Hexamminecobalt(III) chloride absorbs light in the violet-blue-green region but reflects the orange wavelengths thus appearing orange. The ground state 5D would split into 5T2g and a 5Eg. 5 The ligand NH3 would have a weak field since it has four unpaired electrons. From the Tanabe sugano diagram one can verify that the ligand NH3 is of intermediate field strength having a Dq/B of 1.8.5

Experiment B: Preparation of Dichlorodipyridinocobalt

In the second experiment the octahedral complex of cobalt(II) chloride hexaydrate is going to take a tetrahedral form.6 This complex is found to exist in two forms: a monomer with a formula of [CoCl2(py)2] consisting of a tetrahedral with cobalt 2+ as the central metal ion and the other one is an octahedral polymer [CoCl2(py)2]n.6

Polymerizes on standing

CoCl2+ 2py→[CoCl2(py)2] ↔ [CoCl2(py)2]n 6

Blue violet

Diagram of structure of dichlorodipyridinocobalt 6

Pyridine has an equatorial lone pair of electrons at the nitrogen atom in the benzene ring 7 and so it is able to donate the lone pairs to the metal ion cobalt(II). Pyridine and chlorine are monodentate ligands since they donate only one lone pair to the metal. When adding the hot absolute ethanol the cobalt(II) chloride would dissolve and pyridine would exchange with water ligands since it is a stronger ligand.

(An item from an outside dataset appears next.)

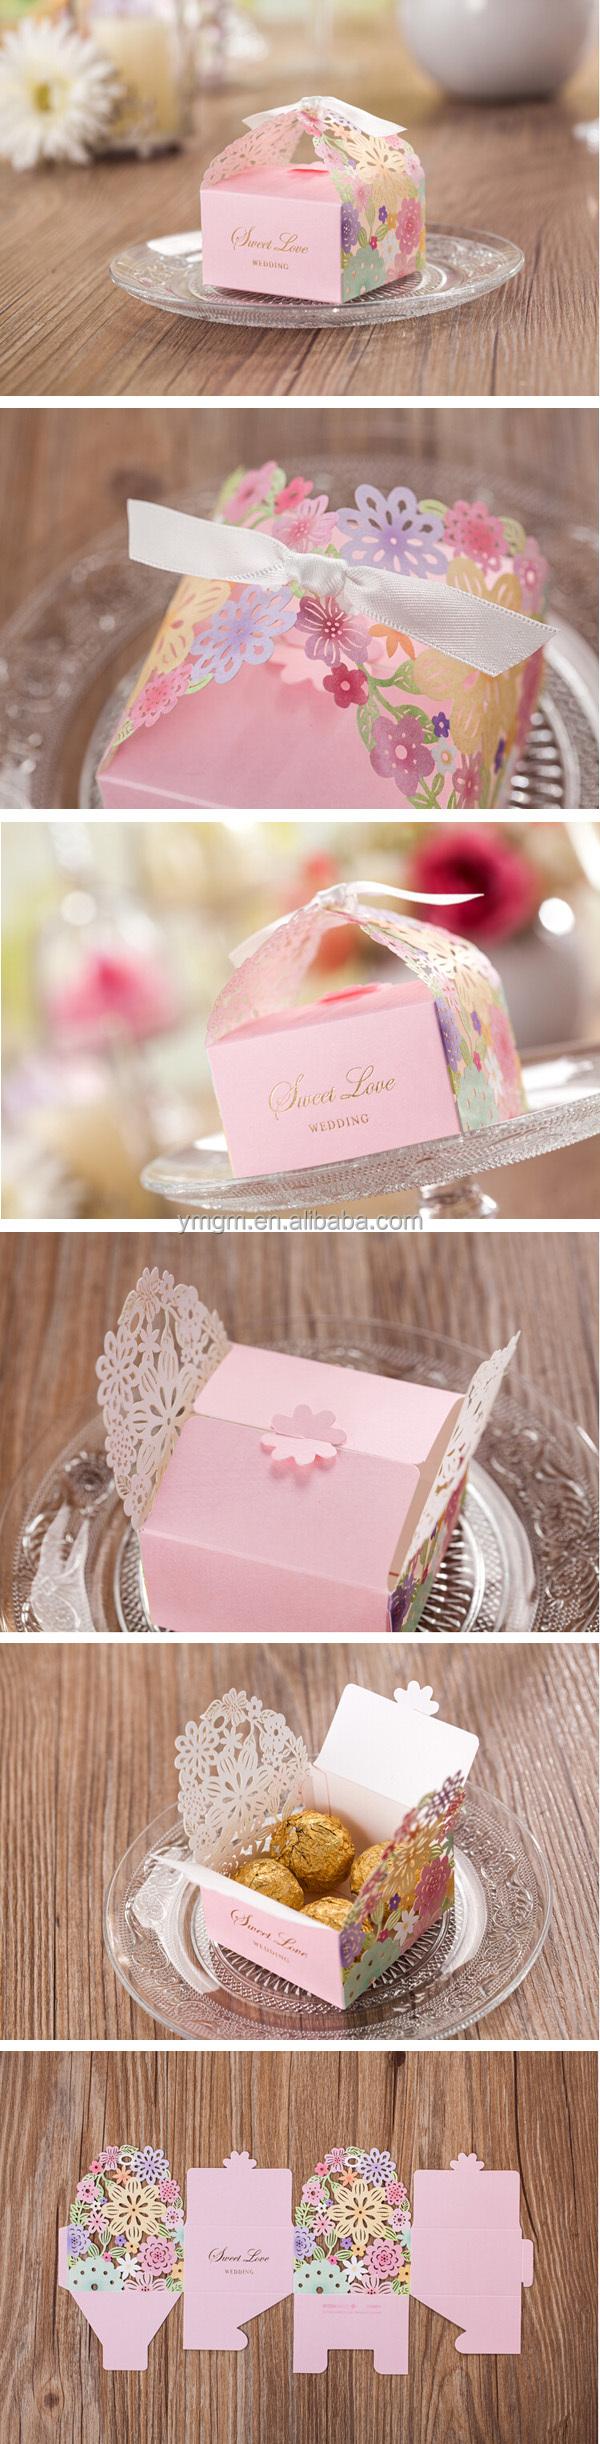 Wholesale Laser Cut Luxury Wedding Invitation Box For Chocolate ...

Because a tetrahedral complex has fewer ligands and there are no ligands at the axis, the magnitude of the splitting is smaller when compared to the octahedral. Octahedral complexes would have large splitting because of higher repulsion.8 The difference between the energies of the t2g and eg orbitals in a tetrahedral complex is slightly less than half as large as the splitting in octahedral complexes. 8

From the results one can observe that the yield of the dichlorodipyridinocobalt resulted in 0g. This could be the cause of heating the alcohol and pyridine at high temperature thus evaporating some of them and so the synthesis would not occur as desired. The absolute ethanol could have melted the crystals so resulting in low yield of product. One source of error is that normal balances would not detect such low yields.

Conclusion

One can conclude that the aim of this experiment: To prepare two complexes of cobalt in different metal oxidation state was reached, such that relatively good yields were obtained for the hexamminecobalt(III) complex and dichlorodipyridinocobalt crystals were also obtained by in such a low yield that could not be measured.